┌────────

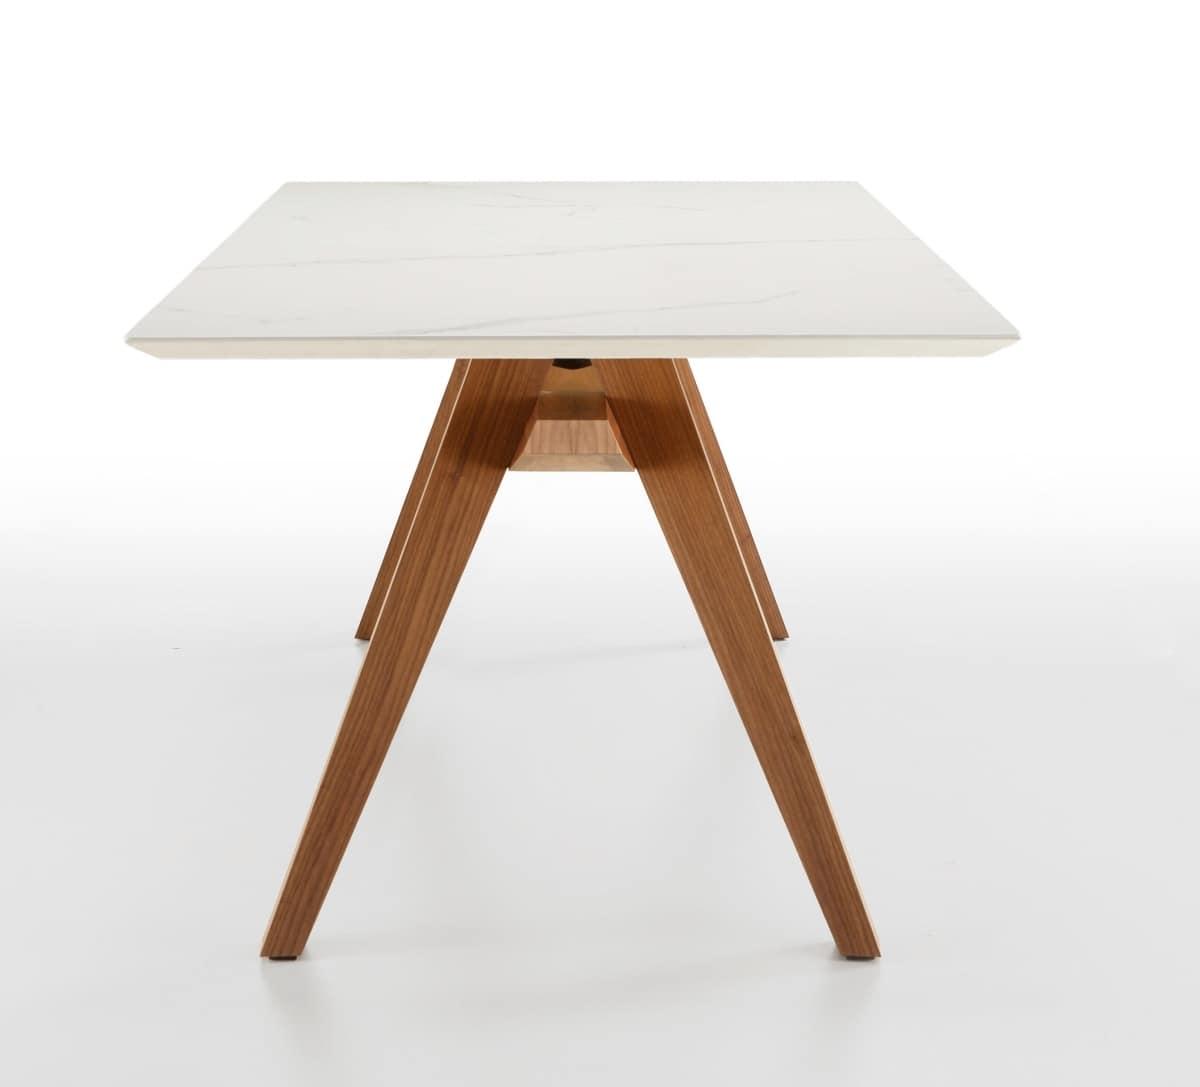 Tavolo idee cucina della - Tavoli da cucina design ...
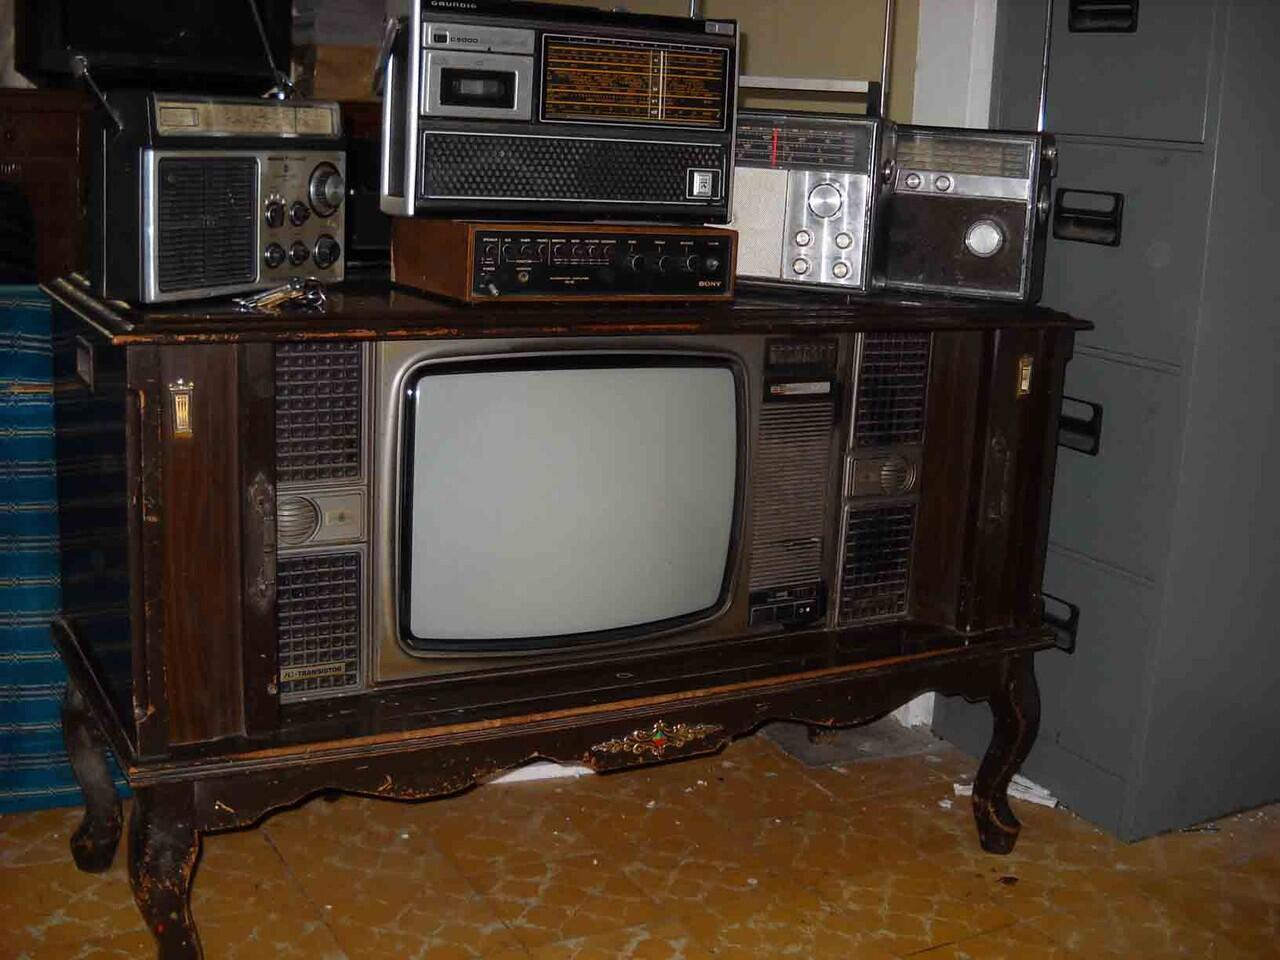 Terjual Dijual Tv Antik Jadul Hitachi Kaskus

└────────
┌────────

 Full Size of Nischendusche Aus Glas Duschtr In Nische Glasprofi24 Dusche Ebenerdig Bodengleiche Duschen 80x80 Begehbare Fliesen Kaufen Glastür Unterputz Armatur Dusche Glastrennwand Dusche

└────────
┌────────

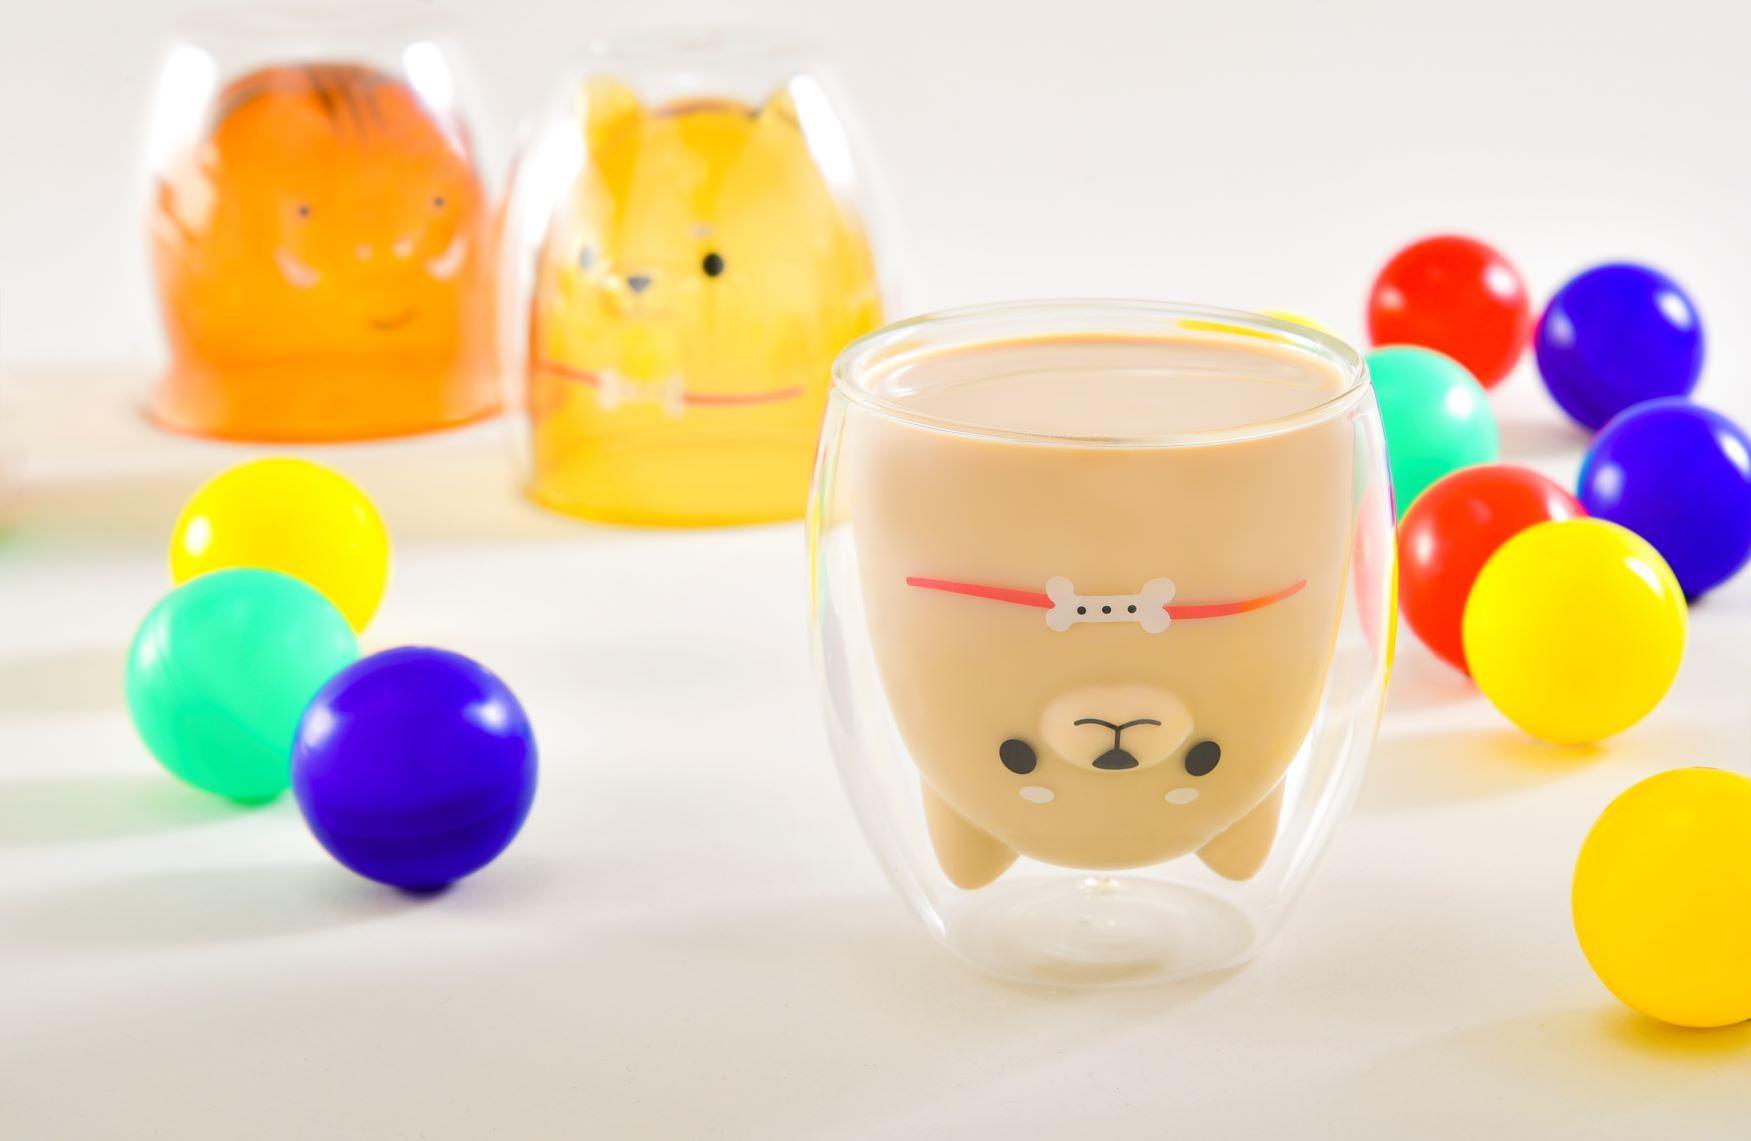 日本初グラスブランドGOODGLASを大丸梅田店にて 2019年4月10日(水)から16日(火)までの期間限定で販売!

└────────

> Work item
To complete this exercise, transcribe exactly the lines above from the one that holds "Tavolo idee cucina" through the one that holds "Terjual Dijual Tv Antik Jadul Hitachi Kaskus". Pictures stay out.

> Result of the exercise
 Tavolo idee cucina della - Tavoli da cucina design ...
 Terjual Dijual Tv Antik Jadul Hitachi Kaskus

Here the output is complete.